Viptela‘s Blog contains the following Thank you Viptela Customers, Partners and Employees post. This is CEO Praveen Akkiraju‘s post to announce that Viptela has signed a definitive agreement to sell to Cisco Cisco Systems, Inc. 47,10 +0,39 +0,83%. Cisco will be paying $610m in cash for Viptela, when the deal closes in the later half of 2017. As always with most transactions, this needs regulatory review.
Praveen is no stranger to Cisco, having worked for them for many years in the past. This is another example of Cisco’s successful program to release senior executives, and have them spin-up a startup. Once the startup has grown to a suitable size (typically $500m) Cisco will acquiring it, bring the executive back home. This strategy places the risk outside of the Cisco core business in the start-up phase, and allows them to gain a company that has a proven track record and business model, and just maybe, an ethos that fits the Cisco culture.

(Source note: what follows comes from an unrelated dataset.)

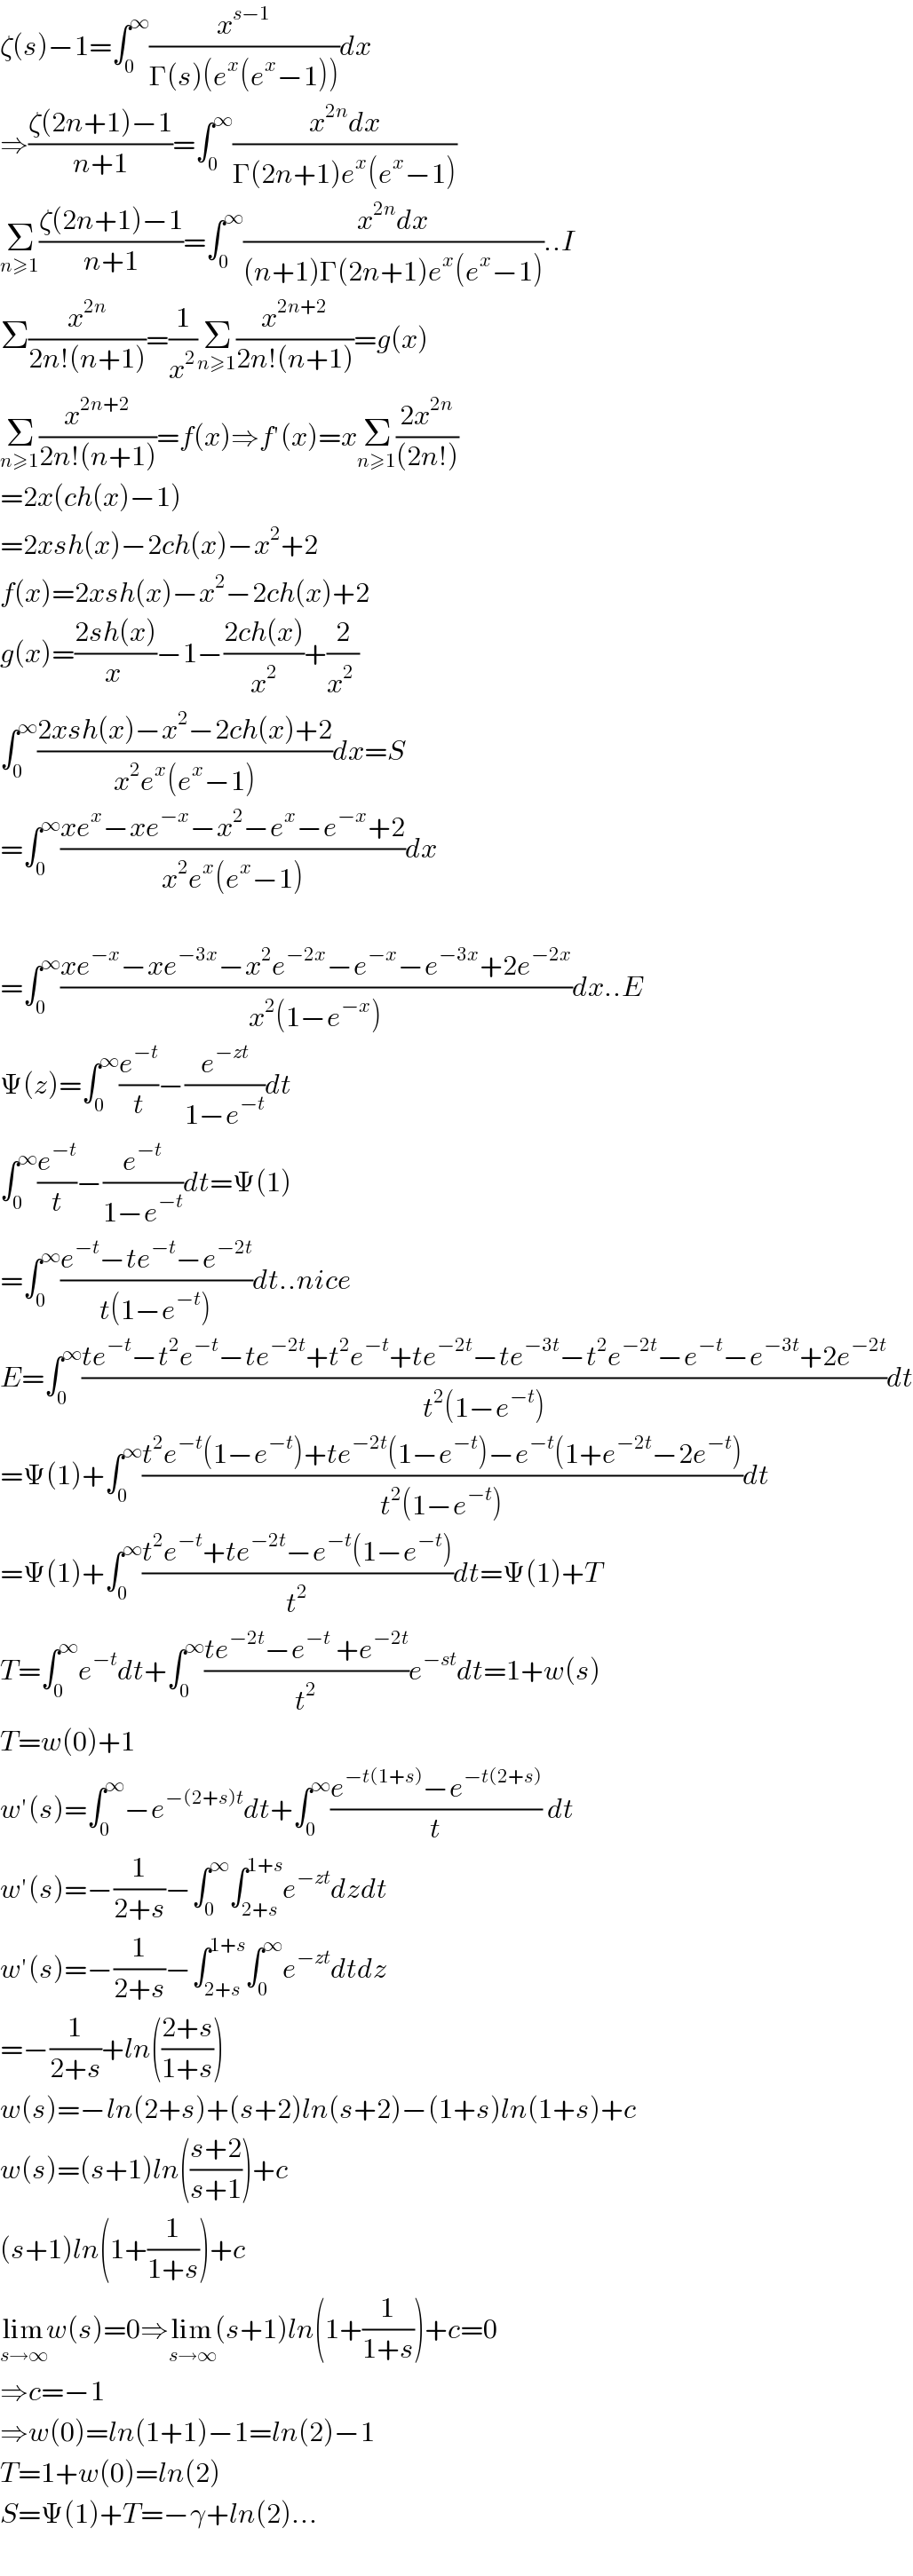 ζ(s)−1=∫_0 ^∞ (x^(s−1) /(Γ(s)(e^x (e^x −1))))dx  ⇒((ζ(2n+1)−1)/(n+1))=∫_0 ^∞ ((x^(2n) dx)/(Γ(2n+1)e^x (e^x −1)))  Σ_(n≥1) ((ζ(2n+1)−1)/(n+1))=∫_0 ^∞ ((x^(2n) dx)/((n+1)Γ(2n+1)e^x (e^x −1)))..I  Σ(x^(2n) /(2n!(n+1)))=(1/x^2 )Σ_(n≥1) (x^(2n+2) /(2n!(n+1)))=g(x)  Σ_(n≥1) (x^(2n+2) /(2n!(n+1)))=f(x)⇒f′(x)=xΣ_(n≥1) ((2x^(2n) )/((2n!)))   =2x(ch(x)−1)  =2xsh(x)−2ch(x)−x^2 +2  f(x)=2xsh(x)−x^2 −2ch(x)+2  g(x)=((2sh(x))/(x ))−1−((2ch(x))/x^2 )+(2/(x^2  ))  ∫_0 ^∞ ((2xsh(x)−x^2 −2ch(x)+2)/(x^2 e^x (e^x −1)))dx=S  =∫_0 ^∞ ((xe^x −xe^(−x) −x^2 −e^x −e^(−x) +2)/(x^2 e^x (e^x −1)))dx    =∫_0 ^∞ ((xe^(−x) −xe^(−3x) −x^2 e^(−2x) −e^(−x) −e^(−3x) +2e^(−2x) )/(x^2 (1−e^(−x) )))dx..E  Ψ(z)=∫_0 ^∞ (e^(−t) /t)−(e^(−zt) /(1−e^(−t) ))dt  ∫_0 ^∞ (e^(−t) /t)−(e^(−t) /(1−e^(−t) ))dt=Ψ(1)  =∫_0 ^∞ ((e^(−t) −te^(−t) −e^(−2t) )/(t(1−e^(−t) )))dt..nice  E=∫_0 ^∞ ((te^(−t) −t^2 e^(−t) −te^(−2t) +t^2 e^(−t) +te^(−2t) −te^(−3t) −t^2 e^(−2t) −e^(−t) −e^(−3t) +2e^(−2t) )/(t^2 (1−e^(−t) )))dt  =Ψ(1)+∫_0 ^∞ ((t^2 e^(−t) (1−e^(−t) )+te^(−2t) (1−e^(−t) )−e^(−t) (1+e^(−2t) −2e^(−t) ))/(t^2 (1−e^(−t) )))dt  =Ψ(1)+∫_0 ^∞ ((t^2 e^(−t) +te^(−2t) −e^(−t) (1−e^(−t) ))/t^2 )dt=Ψ(1)+T  T=∫_0 ^∞ e^(−t) dt+∫_0 ^∞ ((te^(−2t) −e^(−t)  +e^(−2t) )/t^2 )e^(−st) dt=1+w(s)  T=w(0)+1  w′(s)=∫_0 ^∞ −e^(−(2+s)t) dt+∫_0 ^∞ ((e^(−t(1+s)) −e^(−t(2+s)) )/t) dt  w′(s)=−(1/(2+s))−∫_0 ^∞ ∫_(2+s) ^(1+s) e^(−zt) dzdt  w′(s)=−(1/(2+s))−∫_(2+s) ^(1+s) ∫_0 ^∞ e^(−zt) dtdz  =−(1/(2+s))+ln(((2+s)/(1+s)))  w(s)=−ln(2+s)+(s+2)ln(s+2)−(1+s)ln(1+s)+c  w(s)=(s+1)ln(((s+2)/(s+1)))+c  (s+1)ln(1+(1/(1+s)))+c  lim_(s→∞) w(s)=0⇒lim_(s→∞) (s+1)ln(1+(1/(1+s)))+c=0  ⇒c=−1  ⇒w(0)=ln(1+1)−1=ln(2)−1  T=1+w(0)=ln(2)  S=Ψ(1)+T=−γ+ln(2)...

Viptela has been successful in becoming the most deployed SD-WAN solution in the Fortune 1000 companies. It has made a great play with service providers in being the basis of a managed SD-WAN solution, with Verizon being a key partner.
I’m not sure how having three separate SD-WAN environments is going to help Cisco. The wording of both the press release and blog seem to indicate what they are really after.
The acquisition of Viptela also supports Cisco’s strategic transition toward software-centric solutions that deliver predictable, recurring revenue. – Cisco Press Release
This phrase provides the clearest indication that it’s primarily for the software IP that they are acquiring Viptela.
The more cynical part of me says software integration is difficult. It wouldn’t surprise me if Cisco kills off the direct Viptela products very quickly. Cisco will try to develop the cloud management platform to deliver on its preferred subscription model. Will IWAN survive the merger, and enhanced to take advantage of the cloud management platform? And does Meraki gain from some of that intelligence?
With Viptela, Cisco can offer customers more choice in their enterprise branch offices and WAN deployments, with a compelling SD-WAN solution that is easy to deploy and simple to manage. – Cisco blog: Empowering Customers at the Edge.
Here is Cisco’s tacit agreement that IWAN is not as easy to deploy and manage as other SD-WAN solutions.
Let’s see what happens, as I expect more consolidation in this market space over the next year, even after Riverbed’s recent acquisition of Xirrus.